> [Exercise material]:

[Start of section]

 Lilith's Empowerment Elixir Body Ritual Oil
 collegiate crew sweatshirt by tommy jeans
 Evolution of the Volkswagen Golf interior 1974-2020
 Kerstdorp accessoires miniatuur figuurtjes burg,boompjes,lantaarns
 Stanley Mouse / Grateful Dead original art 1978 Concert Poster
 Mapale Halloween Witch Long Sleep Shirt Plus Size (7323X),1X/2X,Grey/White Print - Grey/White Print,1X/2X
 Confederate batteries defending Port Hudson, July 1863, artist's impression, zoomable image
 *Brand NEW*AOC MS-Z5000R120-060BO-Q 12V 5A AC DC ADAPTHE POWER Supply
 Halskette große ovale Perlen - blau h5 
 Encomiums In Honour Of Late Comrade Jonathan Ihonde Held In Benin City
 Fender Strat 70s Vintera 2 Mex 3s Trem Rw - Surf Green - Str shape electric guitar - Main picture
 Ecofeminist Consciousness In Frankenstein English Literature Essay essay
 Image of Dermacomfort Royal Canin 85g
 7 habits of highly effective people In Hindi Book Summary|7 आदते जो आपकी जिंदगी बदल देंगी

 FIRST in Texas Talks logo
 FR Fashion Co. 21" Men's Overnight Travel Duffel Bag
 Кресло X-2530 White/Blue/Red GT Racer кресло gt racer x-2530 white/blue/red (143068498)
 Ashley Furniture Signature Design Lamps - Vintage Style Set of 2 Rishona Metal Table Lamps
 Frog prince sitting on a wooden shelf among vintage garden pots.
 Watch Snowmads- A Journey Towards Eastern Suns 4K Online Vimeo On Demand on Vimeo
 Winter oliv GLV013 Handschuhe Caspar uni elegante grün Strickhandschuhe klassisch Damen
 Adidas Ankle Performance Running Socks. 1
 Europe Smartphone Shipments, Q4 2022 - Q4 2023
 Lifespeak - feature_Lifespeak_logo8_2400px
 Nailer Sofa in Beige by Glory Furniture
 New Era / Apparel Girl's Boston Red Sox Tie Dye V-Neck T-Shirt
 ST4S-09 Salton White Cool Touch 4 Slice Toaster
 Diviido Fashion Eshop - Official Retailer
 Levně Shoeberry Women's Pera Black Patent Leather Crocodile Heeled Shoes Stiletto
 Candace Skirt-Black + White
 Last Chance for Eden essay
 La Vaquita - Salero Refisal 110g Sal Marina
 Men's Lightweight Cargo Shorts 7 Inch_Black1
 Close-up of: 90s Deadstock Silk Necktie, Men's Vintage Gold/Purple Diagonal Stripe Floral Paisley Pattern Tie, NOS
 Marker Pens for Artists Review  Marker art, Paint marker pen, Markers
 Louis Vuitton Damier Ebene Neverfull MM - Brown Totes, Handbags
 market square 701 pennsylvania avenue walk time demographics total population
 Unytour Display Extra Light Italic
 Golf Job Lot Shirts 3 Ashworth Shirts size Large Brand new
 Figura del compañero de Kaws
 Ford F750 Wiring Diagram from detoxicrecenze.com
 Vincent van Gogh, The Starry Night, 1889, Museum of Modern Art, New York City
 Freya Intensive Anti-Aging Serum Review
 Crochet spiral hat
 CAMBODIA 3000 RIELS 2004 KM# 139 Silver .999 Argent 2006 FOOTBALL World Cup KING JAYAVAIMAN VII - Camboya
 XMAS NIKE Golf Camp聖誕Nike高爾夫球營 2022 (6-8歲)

[End of section]

> [Work instructions]: The response must hold only the lines above from the line with "Ford F750 Wiring" through the line with "Crochet spiral hat", each copied exactly, both ends kept.

> [Problem solution]:
 Ford F750 Wiring Diagram from detoxicrecenze.com
 Vincent van Gogh, The Starry Night, 1889, Museum of Modern Art, New York City
 Freya Intensive Anti-Aging Serum Review
 Crochet spiral hat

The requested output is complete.